France is "at the crossroads", Pécresse said at the top of her speech. "For the first time, the fate of the world may be written without us. In 10 years, will we still be the seventh power in the world? Will we still be a sovereign nation, or an auxiliary to the US, a colony of China? Will we be united or divided as a nation? Nothing is inevitable, neither the great decline nor the great replacement. I call on you to react."

Crisis

It was Pécresse’s use of Zemmour’s term “the great replacement” which threw her campaign into crisis.

"The 'great replacement' is neither myth nor a plot, but an implacable process," Zemmour wrote in his book entitled France Has Not Said Its Last Word. The term was coined by the extreme right-wing ideologue Renaud Camus, who supports Zemmour for president. It alludes to an alleged conspiracy by elites to replace France's white, Christian population with Arab and African Muslims. The theory was cited by the perpetrator of the anti-Muslim massacre in Christchurch, New Zealand.

A few hours after Pécresse used the term, Zemmour gloated on TF1 television, saying, “I am the one who imposed this word. Now even Valérie Pécresse uses it.”

Pécresse took a beating at LR's weekly strategy meeting on Monday. Xavier Bertrand, whom she defeated in the LR primary last autumn, said, "We must clarify things . . . The 'great replacement' is not us." Jean-François Copé, a former leader of the party, told Pécresse that she "must not try to please everybody" and that she needs to represent an "uninhibited right" which "marks its separation from the extremes".

The Socialist Party leader Olivier Faure and the Socialist presidential candidate Anne Hidalgo accused Pécresse of "crossing the Rubicon" by evoking the great replacement. Faure said he was "astonished" to hear Pécresse "exploit the entire semantic and ideological range of the extreme right. Frankly, we already had two extreme right-wing candidates. We didn't need a third."

'I reaffirm that the laws of the Republic are above the laws of faith. When I am president of the Republic, no women will be subjugated'

Pécresse defended herself on RTL radio, noting that she had said the same thing – that the “great replacement” was not inevitable – many times during her campaign, and that no one had reacted previously. “When you listen to Éric Zemmour or Marine Le Pen, they tell you, ‘It’s done. It’s unavoidable.’ Not me,” she said.

Pilloried

Pécresse was also pilloried for saying that she wants “people who are French at heart, not just French on paper”. Anti-Semitic writers began using the term “French on paper” to refer to Jews in the late 19th century. It has been used more recently by the far right to describe all naturalised citizens.

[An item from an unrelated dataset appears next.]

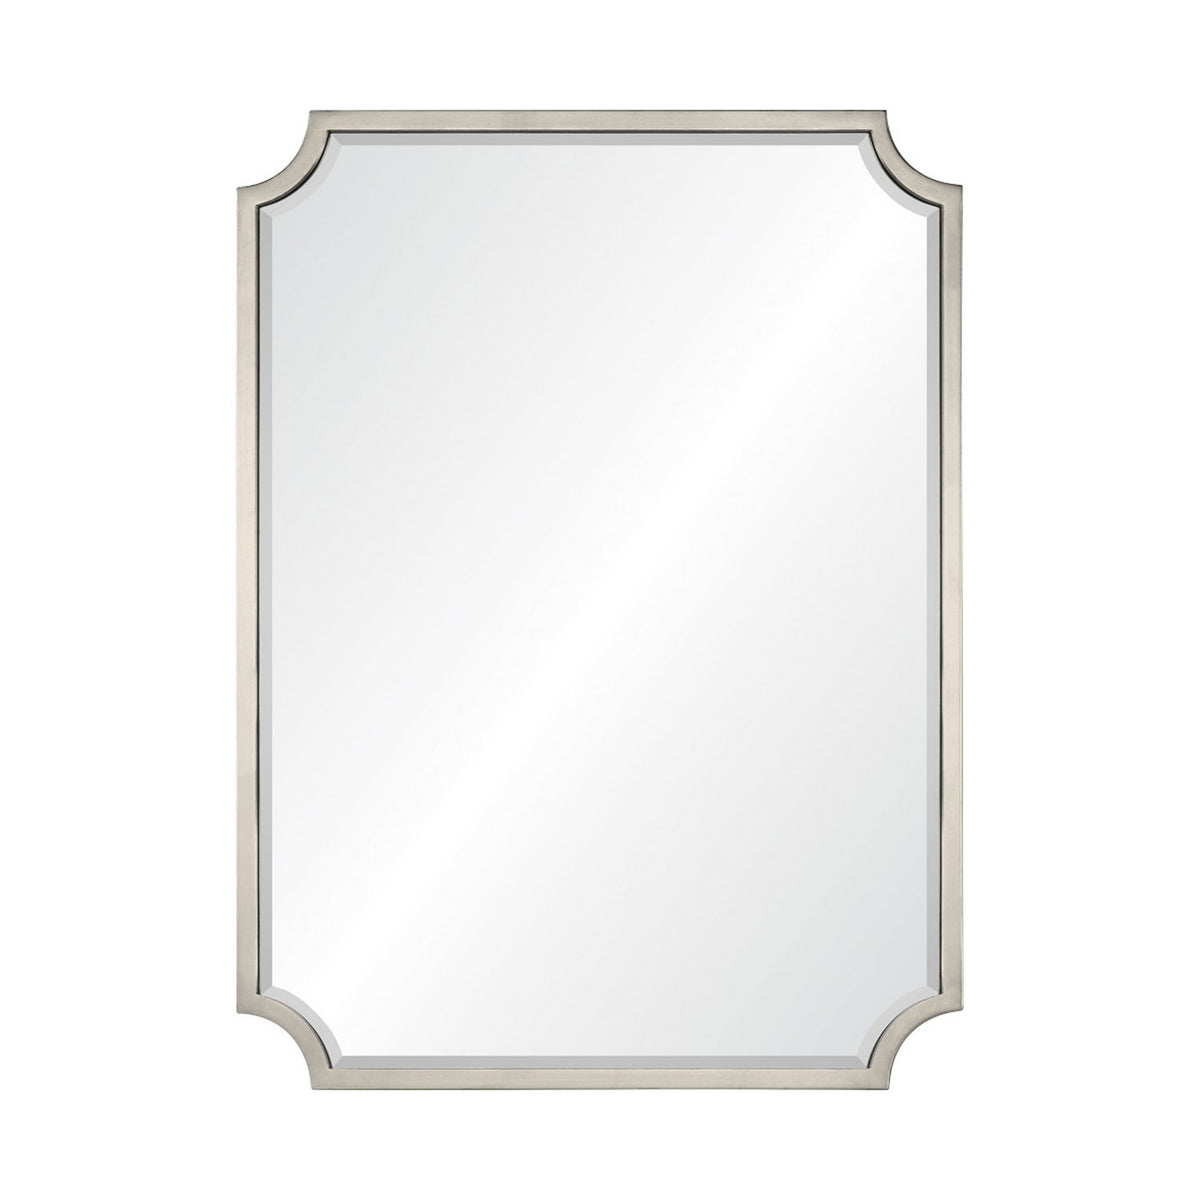 Thomas Mirror in Silver

Pécresse’s policies and rhetoric closely resemble those of the far right. “I defend France’s true identity,” she said. “Against those who want to establish sharia above our laws, I reaffirm that the laws of the Republic are above the laws of faith. When I am president of the Republic, no women will be subjugated. Marianne [the symbol of France] is not a veiled woman.”

Pécresse has fallen slightly behind Le Pen in first-round projections, while Zemmour is only one point behind the conservative candidate. The nightmare scenario for LR is that Pécresse may come in third, fourth or even fifth – if the far-left candidate Jean-Luc Mélenchon rallies left-wing voters – in the first round of the presidential election on April 10th. That could decimate LR ranks in legislative elections in June.

Emmanuel Macron’s goal was to eliminate the left-right divide in France. He has virtually destroyed the Socialist Party. The mainstream conservatives may not be far behind.